What you are asked to do:
Across the listing below, how many lines have the word "Sale" in them? Provide only the number.

Source material:
------------------------------------------------------------

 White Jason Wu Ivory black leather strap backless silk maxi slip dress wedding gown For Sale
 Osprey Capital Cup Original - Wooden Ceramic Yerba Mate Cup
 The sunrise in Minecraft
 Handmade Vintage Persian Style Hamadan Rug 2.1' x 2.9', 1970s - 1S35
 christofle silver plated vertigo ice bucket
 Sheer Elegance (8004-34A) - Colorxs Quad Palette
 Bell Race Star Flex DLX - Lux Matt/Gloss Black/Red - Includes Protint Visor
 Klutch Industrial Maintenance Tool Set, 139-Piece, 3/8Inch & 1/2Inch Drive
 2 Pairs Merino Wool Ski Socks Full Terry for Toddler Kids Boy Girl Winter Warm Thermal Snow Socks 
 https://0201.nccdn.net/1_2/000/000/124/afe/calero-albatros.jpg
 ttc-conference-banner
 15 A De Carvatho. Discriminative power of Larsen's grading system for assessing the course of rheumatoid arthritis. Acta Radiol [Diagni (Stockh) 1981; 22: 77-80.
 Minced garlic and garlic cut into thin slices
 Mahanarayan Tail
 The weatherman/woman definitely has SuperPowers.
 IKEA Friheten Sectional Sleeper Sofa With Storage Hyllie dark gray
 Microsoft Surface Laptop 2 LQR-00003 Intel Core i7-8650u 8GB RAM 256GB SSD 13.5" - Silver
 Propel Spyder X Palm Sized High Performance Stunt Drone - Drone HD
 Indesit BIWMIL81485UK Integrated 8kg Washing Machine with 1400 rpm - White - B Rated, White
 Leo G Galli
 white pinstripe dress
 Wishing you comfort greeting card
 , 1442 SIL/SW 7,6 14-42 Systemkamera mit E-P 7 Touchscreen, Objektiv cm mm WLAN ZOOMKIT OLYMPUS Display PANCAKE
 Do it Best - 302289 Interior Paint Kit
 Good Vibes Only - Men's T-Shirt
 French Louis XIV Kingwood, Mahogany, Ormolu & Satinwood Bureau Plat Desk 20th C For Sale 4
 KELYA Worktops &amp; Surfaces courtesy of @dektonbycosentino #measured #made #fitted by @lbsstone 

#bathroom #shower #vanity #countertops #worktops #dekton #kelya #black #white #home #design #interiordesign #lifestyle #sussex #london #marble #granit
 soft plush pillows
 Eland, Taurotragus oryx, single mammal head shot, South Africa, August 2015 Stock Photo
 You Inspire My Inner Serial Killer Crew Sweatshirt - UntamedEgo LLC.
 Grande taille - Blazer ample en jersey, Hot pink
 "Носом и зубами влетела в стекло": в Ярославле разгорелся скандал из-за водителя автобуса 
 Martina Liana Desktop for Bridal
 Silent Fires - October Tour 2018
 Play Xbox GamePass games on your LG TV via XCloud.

------------------------------------------------------------

Solved exercise:
2